This repository contains an advanced analytics project focused on the analysis of ecommerce sales data and promotional activities. The primary objective is to derive actionable insights that can enhance decision-making processes in ecommerce management.
This project involves analyzing customer interactions, product performance, and the effectiveness of promotions. The insights are visualized through a comprehensive dashboard, which highlights key metrics to help businesses optimize their strategies.
- Sales Trends Analysis: Identify trends in sales over time, segmented by product categories, brands, and states.
- User Engagement: Track customer interactions across different channels (App/Browser) and event types (views, cart additions, purchases).
- Promotion Impact: Evaluate the effectiveness of various promotions by analyzing the discount rates and their influence on sales volume.
- Customer Segmentation: Segment customers based on their behavior (e.g., high-value customers, frequent shoppers) using the User_Score metric.
- Product Performance: Assess the performance of products within specific categories and sub-categories, helping to identify best-sellers and underperformers.
- Revenue by Promotion: Visualize the revenue generated during promotional periods compared to non-promotional periods.
- Power BI: For data visualization and dashboard creation.
- DAX: For creating calculated columns and measures.
- SQL: For querying and analyzing large datasets.
- Excel: For initial data cleaning and formatting.

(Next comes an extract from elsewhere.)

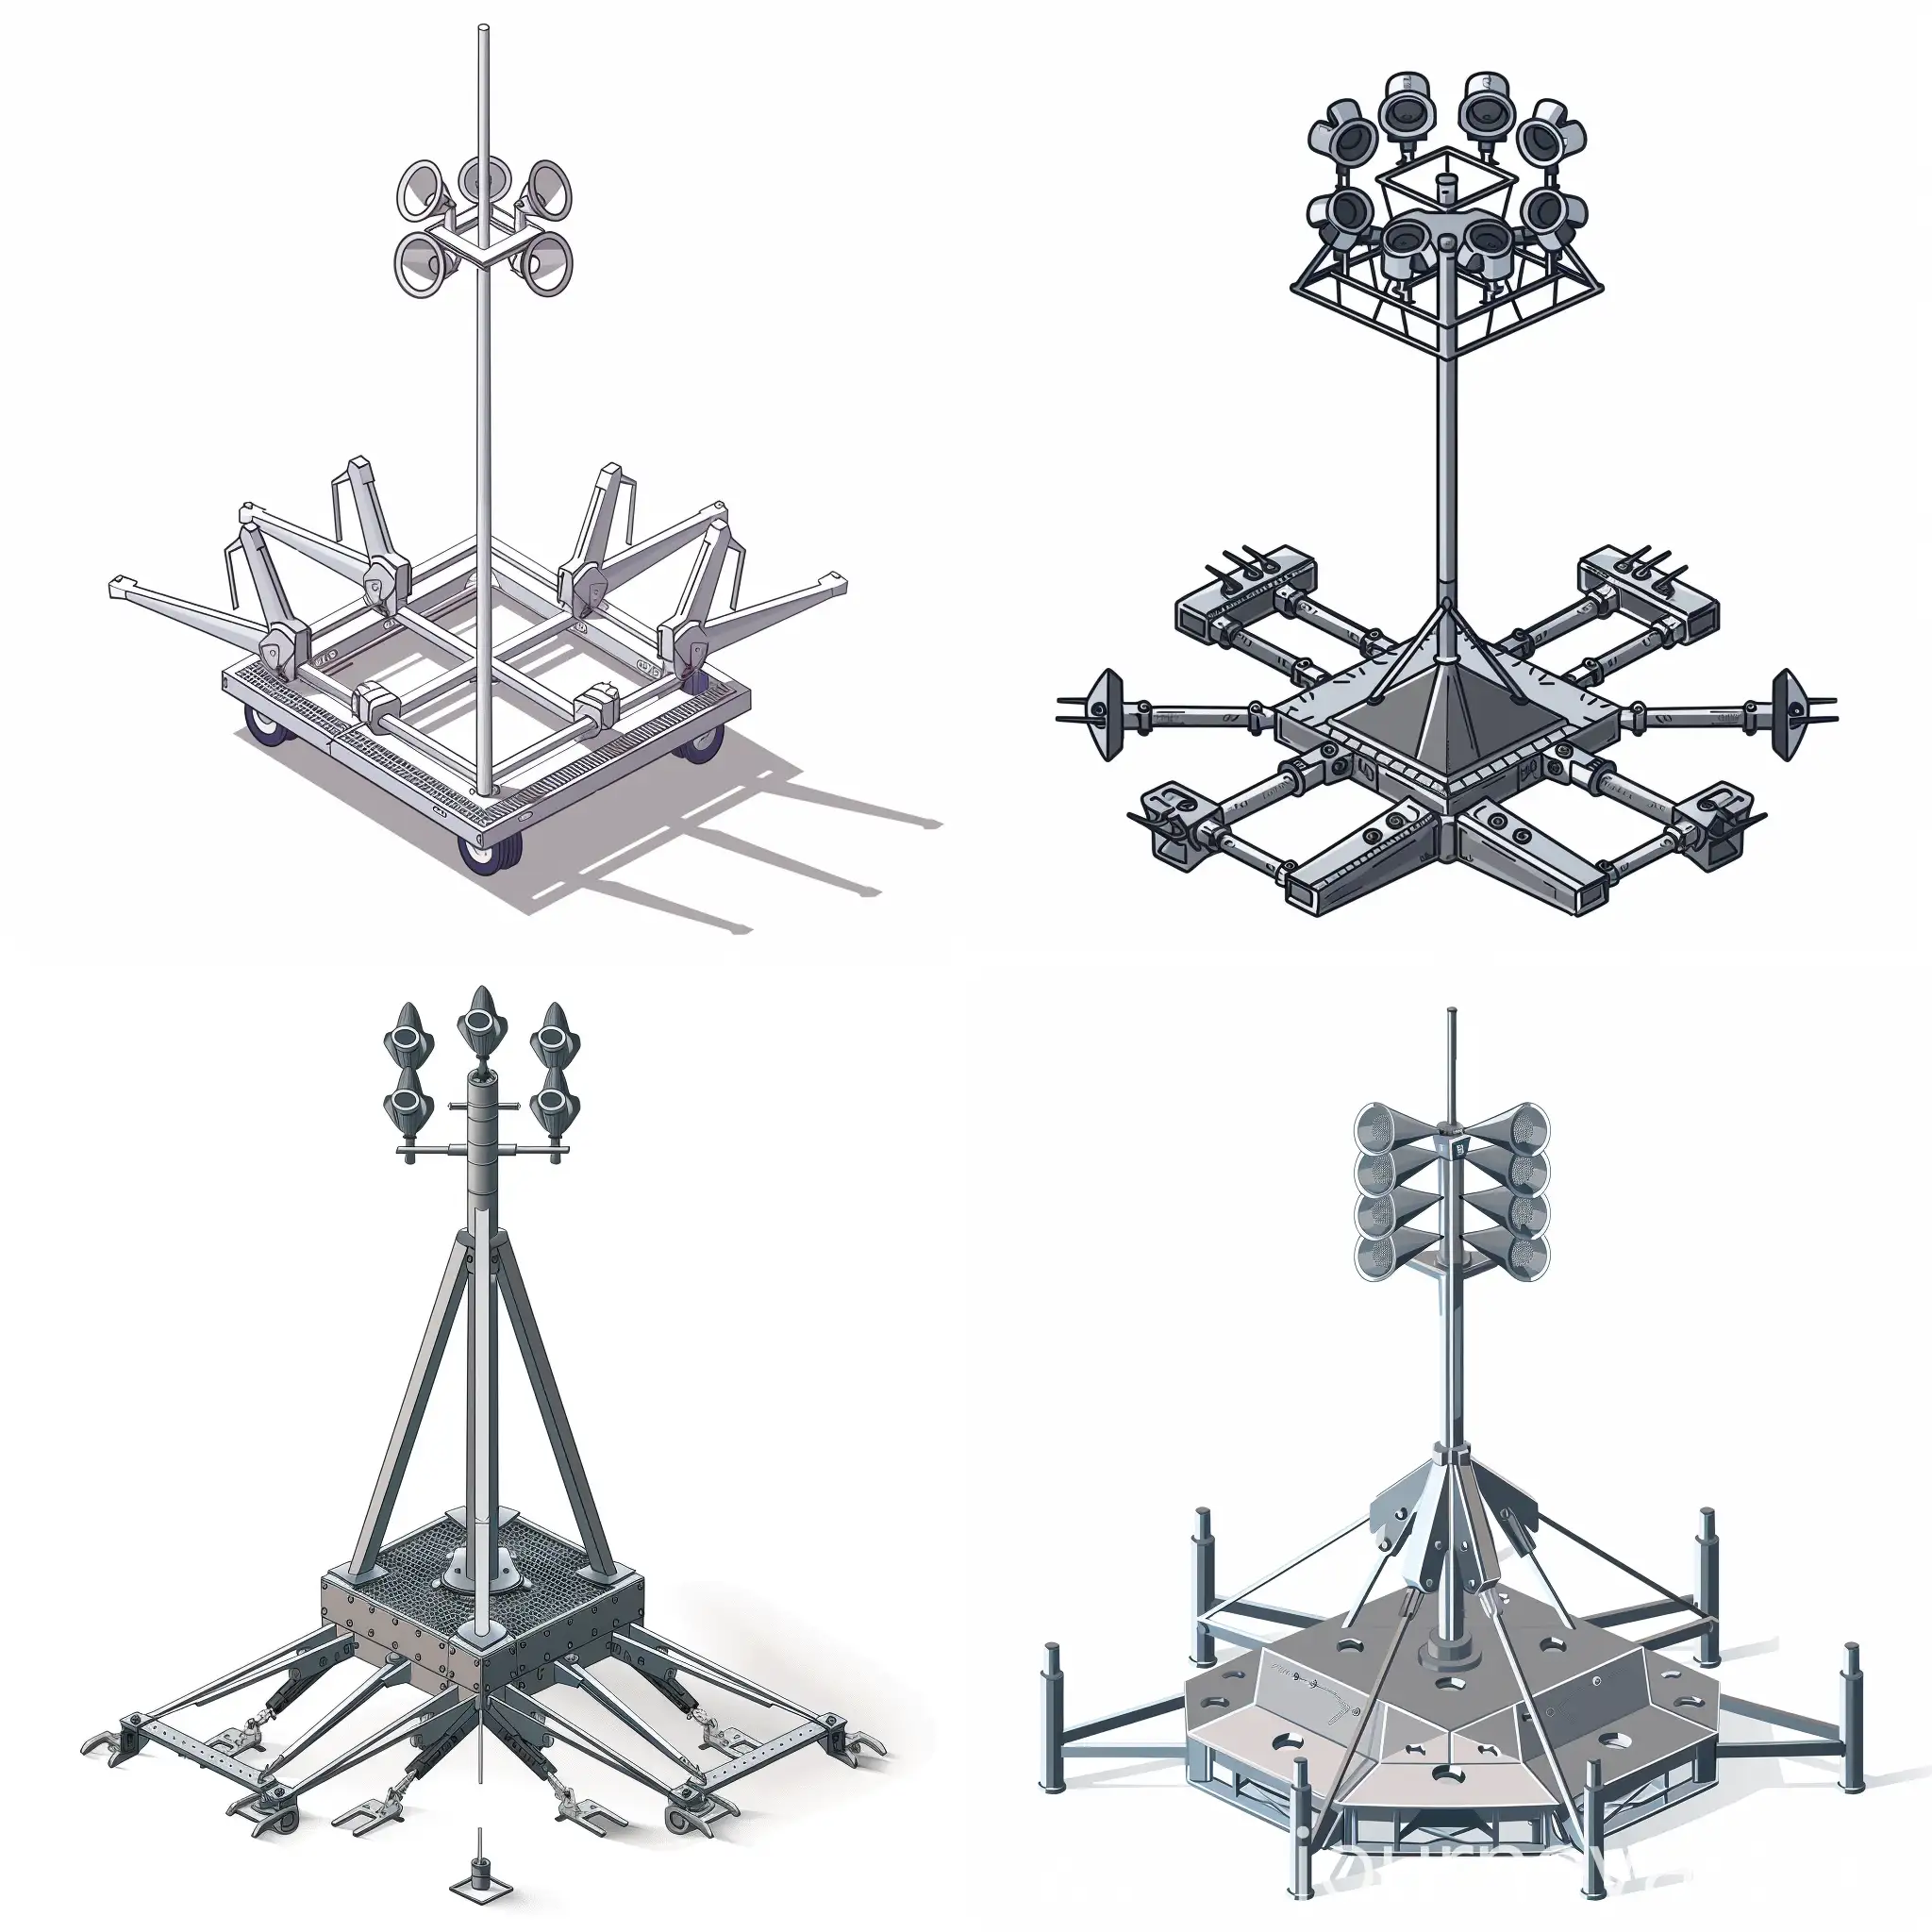 small minimalist simple metallic structure tow dolly alike  with six metallic arms around  for ground support with one pole structure in the center like a mast with a vertical arrangement of 6 doble sirens horns facing the same direction on the top of the pole with a triangular front for hauling attachment tow platform, stencil for Visio, simple minimalist illustration, low detailed, isometric, white background, warning alert, icon type, industrial structure, no futuristic

- user_id: Unique ID of the customer
- event_date: Date of the event
- Day_of_Week: Day of the week when the event occurred
- Channel: Channel used (App/Browser)
- event_time: Time of the event
- event_hour: Hour of the event
- event_timezone: Time zone of the event
- event_type: Type of event (view, cart, purchase)
- product_id: Unique ID of the product
- category_id: Unique ID of the category
- category: Category description
- sub_category1: Level 1 sub-category description
- sub_category2: Level 2 sub-category description
- brand: Brand name
- price: Price of the product
- user_session: Unique ID of the user session
- State: State where the event occurred
- User_Score: Segmentation of the customer
- Promotion Id: Unique ID of the promotion
- Date: Date of the promotion
- Discount: Discount percentage
- ProductId: Unique ID of the product
The insights derived from this project can significantly impact strategic decisions in ecommerce, helping businesses better understand their customers, optimize their product offerings, and maximize the effectiveness of their promotions.